Source records:
☆ ☆ ☆

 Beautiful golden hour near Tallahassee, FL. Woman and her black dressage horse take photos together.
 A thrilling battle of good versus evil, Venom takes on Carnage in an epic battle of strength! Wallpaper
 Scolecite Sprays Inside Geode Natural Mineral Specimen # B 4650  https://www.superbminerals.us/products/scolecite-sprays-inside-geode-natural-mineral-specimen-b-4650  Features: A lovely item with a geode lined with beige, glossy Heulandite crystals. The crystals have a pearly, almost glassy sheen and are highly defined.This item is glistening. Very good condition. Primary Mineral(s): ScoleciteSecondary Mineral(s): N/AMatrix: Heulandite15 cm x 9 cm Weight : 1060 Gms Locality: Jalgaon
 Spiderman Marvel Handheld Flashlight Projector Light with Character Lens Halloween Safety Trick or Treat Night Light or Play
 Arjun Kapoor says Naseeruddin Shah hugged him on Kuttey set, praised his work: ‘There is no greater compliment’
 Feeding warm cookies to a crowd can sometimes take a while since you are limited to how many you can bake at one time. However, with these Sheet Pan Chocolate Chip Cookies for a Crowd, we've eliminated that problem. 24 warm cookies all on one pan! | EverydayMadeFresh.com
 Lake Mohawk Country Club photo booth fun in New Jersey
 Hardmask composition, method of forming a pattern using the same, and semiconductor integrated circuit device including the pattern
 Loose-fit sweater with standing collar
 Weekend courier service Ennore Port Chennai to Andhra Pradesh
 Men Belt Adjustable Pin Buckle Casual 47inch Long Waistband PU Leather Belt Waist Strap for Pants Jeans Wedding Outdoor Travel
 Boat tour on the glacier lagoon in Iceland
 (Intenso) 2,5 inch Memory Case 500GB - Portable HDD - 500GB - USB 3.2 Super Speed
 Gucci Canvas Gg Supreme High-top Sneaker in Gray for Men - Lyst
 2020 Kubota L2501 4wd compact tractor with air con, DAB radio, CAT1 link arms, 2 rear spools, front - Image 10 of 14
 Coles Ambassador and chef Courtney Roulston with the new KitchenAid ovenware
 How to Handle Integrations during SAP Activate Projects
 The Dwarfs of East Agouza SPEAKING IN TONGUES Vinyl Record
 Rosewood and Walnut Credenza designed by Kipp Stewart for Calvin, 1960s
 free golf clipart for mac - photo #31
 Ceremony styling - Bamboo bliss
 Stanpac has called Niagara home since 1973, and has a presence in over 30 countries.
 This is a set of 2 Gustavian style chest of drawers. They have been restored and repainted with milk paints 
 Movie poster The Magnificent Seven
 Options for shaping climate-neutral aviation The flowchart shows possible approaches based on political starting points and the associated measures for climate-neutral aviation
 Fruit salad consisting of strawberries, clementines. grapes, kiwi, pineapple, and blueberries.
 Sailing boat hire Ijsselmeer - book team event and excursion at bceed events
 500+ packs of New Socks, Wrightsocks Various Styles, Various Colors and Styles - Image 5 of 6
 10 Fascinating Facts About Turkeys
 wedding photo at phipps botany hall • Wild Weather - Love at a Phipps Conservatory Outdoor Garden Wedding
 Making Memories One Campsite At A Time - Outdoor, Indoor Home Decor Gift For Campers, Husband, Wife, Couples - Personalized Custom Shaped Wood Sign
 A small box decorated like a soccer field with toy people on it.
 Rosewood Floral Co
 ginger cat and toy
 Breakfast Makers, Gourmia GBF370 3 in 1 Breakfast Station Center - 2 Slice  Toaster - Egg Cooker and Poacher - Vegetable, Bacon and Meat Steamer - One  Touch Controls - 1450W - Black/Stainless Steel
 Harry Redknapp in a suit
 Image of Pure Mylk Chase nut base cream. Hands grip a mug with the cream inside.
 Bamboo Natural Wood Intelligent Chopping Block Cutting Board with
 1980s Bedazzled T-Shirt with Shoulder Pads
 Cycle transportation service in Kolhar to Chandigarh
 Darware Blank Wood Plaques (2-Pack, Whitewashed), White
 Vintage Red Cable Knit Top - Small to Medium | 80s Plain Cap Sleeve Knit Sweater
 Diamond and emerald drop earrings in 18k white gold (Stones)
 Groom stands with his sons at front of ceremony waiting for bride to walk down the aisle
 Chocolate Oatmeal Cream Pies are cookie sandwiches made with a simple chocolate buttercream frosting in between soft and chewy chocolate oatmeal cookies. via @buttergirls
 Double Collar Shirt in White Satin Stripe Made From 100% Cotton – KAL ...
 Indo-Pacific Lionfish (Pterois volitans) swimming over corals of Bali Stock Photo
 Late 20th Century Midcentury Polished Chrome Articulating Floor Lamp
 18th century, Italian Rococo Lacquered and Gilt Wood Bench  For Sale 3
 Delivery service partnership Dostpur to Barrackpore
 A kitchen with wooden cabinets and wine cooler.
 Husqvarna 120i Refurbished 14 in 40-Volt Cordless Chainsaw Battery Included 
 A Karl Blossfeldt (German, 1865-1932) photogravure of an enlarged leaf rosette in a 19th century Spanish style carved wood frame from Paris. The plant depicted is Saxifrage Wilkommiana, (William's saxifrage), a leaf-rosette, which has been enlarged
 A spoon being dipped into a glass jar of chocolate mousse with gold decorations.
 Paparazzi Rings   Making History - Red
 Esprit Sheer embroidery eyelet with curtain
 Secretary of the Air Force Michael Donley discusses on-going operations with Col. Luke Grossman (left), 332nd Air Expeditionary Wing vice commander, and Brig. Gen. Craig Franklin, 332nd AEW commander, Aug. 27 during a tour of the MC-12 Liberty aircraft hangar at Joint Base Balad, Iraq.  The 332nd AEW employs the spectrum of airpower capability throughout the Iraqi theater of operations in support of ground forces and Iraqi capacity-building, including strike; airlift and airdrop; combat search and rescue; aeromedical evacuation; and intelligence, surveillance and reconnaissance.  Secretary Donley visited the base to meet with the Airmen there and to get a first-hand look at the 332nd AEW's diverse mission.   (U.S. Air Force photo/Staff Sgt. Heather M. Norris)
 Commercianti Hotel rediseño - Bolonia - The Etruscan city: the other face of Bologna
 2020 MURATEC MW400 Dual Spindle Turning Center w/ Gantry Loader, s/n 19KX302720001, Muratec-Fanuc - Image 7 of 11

☆ ☆ ☆

Exercise aim: In the data above, find the line containing "Commercianti Hotel rediseño", then copy it and every later line exactly.

Exercise answer:
 Commercianti Hotel rediseño - Bolonia - The Etruscan city: the other face of Bologna
 2020 MURATEC MW400 Dual Spindle Turning Center w/ Gantry Loader, s/n 19KX302720001, Muratec-Fanuc - Image 7 of 11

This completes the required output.